Introducing GeoPySpark, a Python Binding of GeoTrellis

GeoTrellis is a Scala library for working with geospatial data in a distributed environment. While powerful, it has a limited user base due to the geospatial community’s preference for other languages such as Python and R. Bringing GeoTrellis to another language has thus been a requested feature of the community.

Well, after nine months of work, the GeoTrellis team is happy to announce the 0.2.2 release of GeoPySpark!

A binding of GeoTrellis, GeoPySpark allows users to work with a Python front-end backed by Scala.

While not all of the details of GeoPySpark’s development will be discussed (those will be saved for future posts), a brief overview of how it works as well as some demos will be presented in this article.
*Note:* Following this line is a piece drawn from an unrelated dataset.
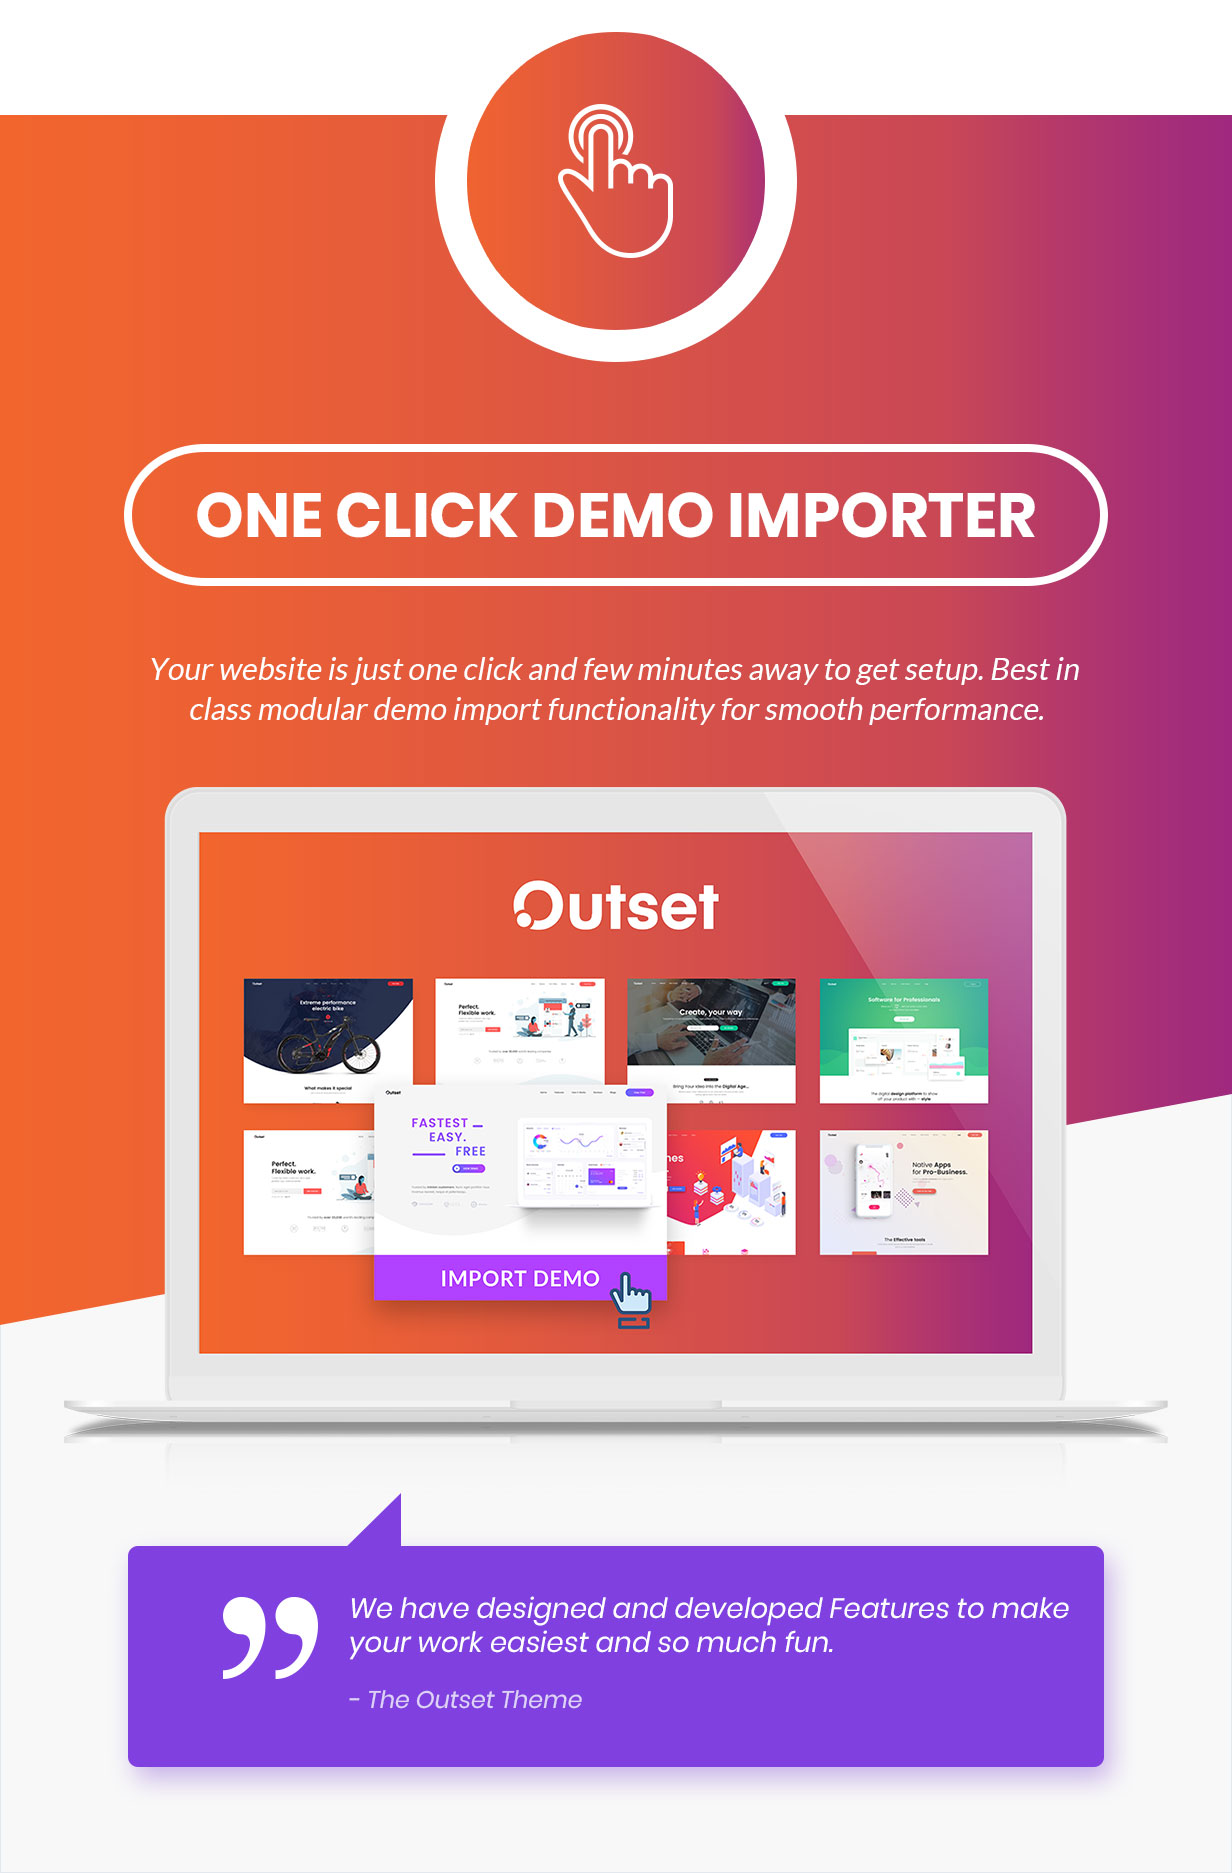 The Outset - SaaS, App, Product & Tech Software Startup Theme - 3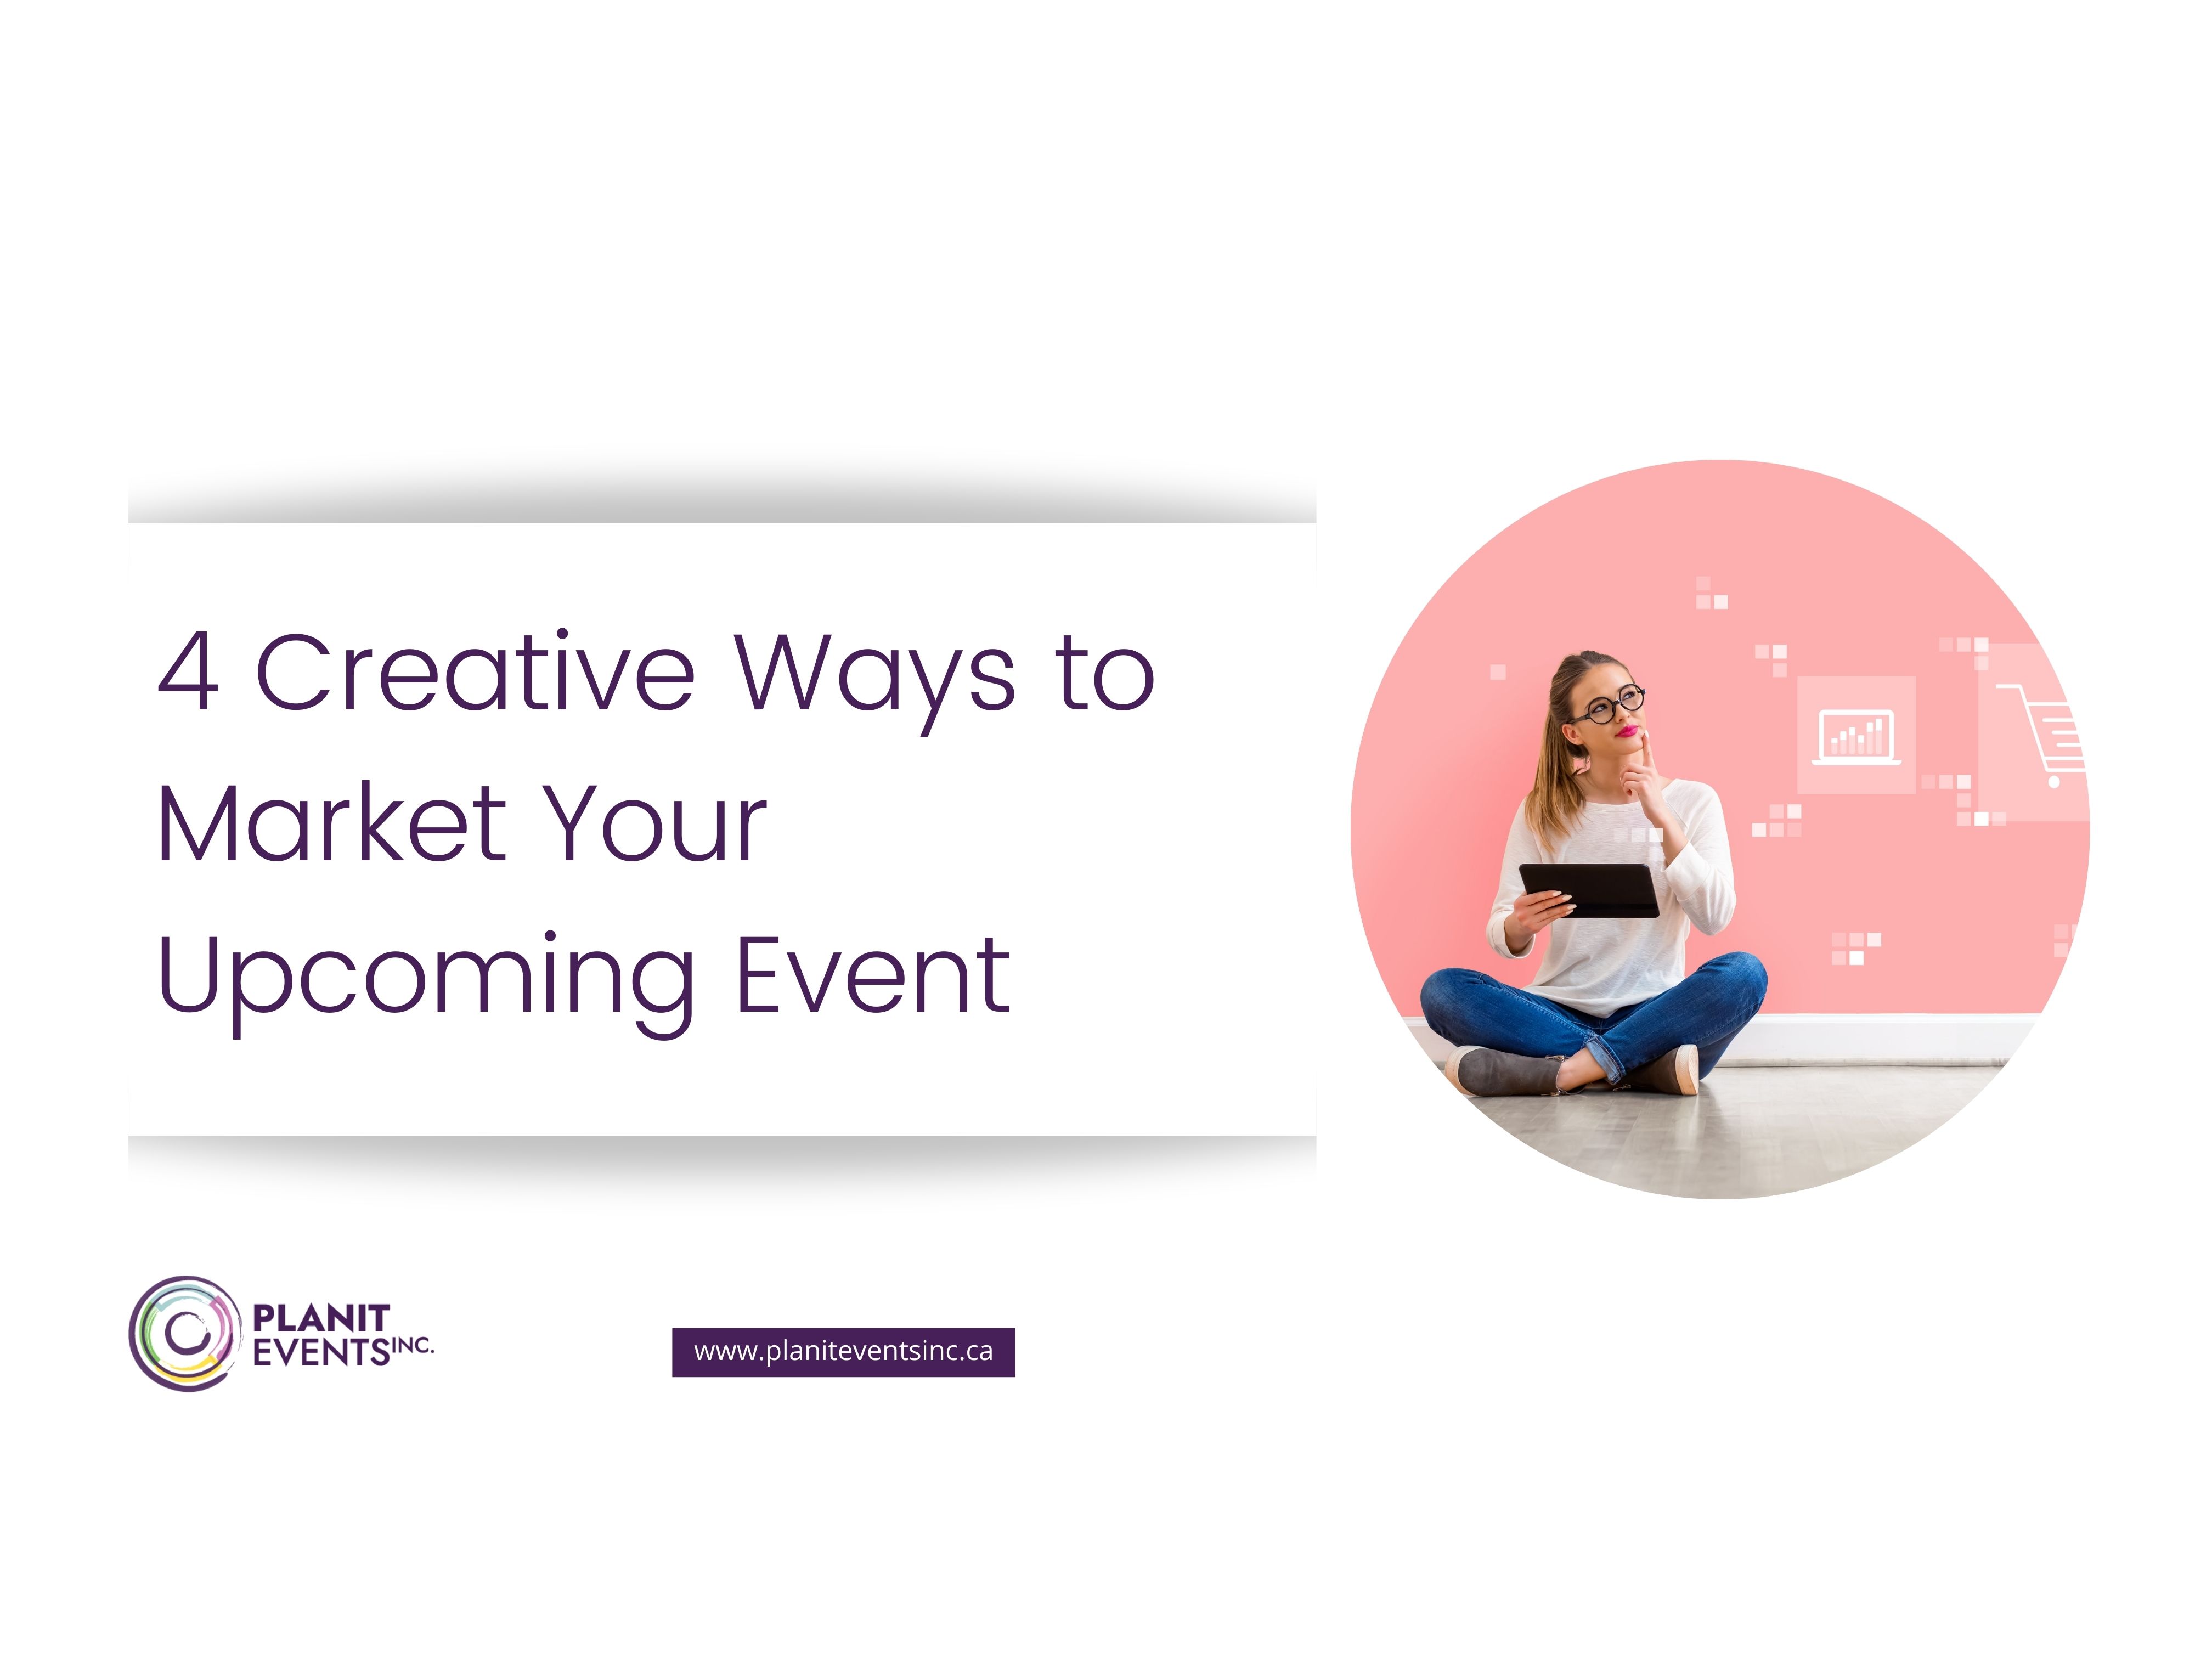 4 Creative Ways to Market Your Upcoming Event

What Are Language Bindings?

Before going over the workings of GeoPySpark, it would be good to step back and look at what language bindings are. A simple definition would be this: A binding is an API written to allow a library or service to be used in another programming language. Bindings are not ports of their respective project, but rather are just wrappers. Meaning they contain an interface in one language which sends its inputs to the source language for processing.

Implementing GeoPySpark

Much of the functionality of GeoPySpark is handled by another library, PySpark (hence the name, GeoPySpark). PySpark itself is a Python binding of, Spark, a utility available in multiple languages but whose core is in Scala. Because GeoTrellis utilizes Spark, we were able to take advantage of the bindings already in place to create GeoPySpark.

Py4J

Py4J is a tool that Spark (and in turn GeoPySpark) utilizes to allow Scala object and classes and their methods to be accessed in Python. This is done by hooking Python up to the JVM where the Scala code is running. Through this port, references to objects can be passed between the two languages.

The GeoPySpark Backend

Below is the __init__ of RasterLayer, a class in GeoPySpark which is used to store and format raw data in a layer.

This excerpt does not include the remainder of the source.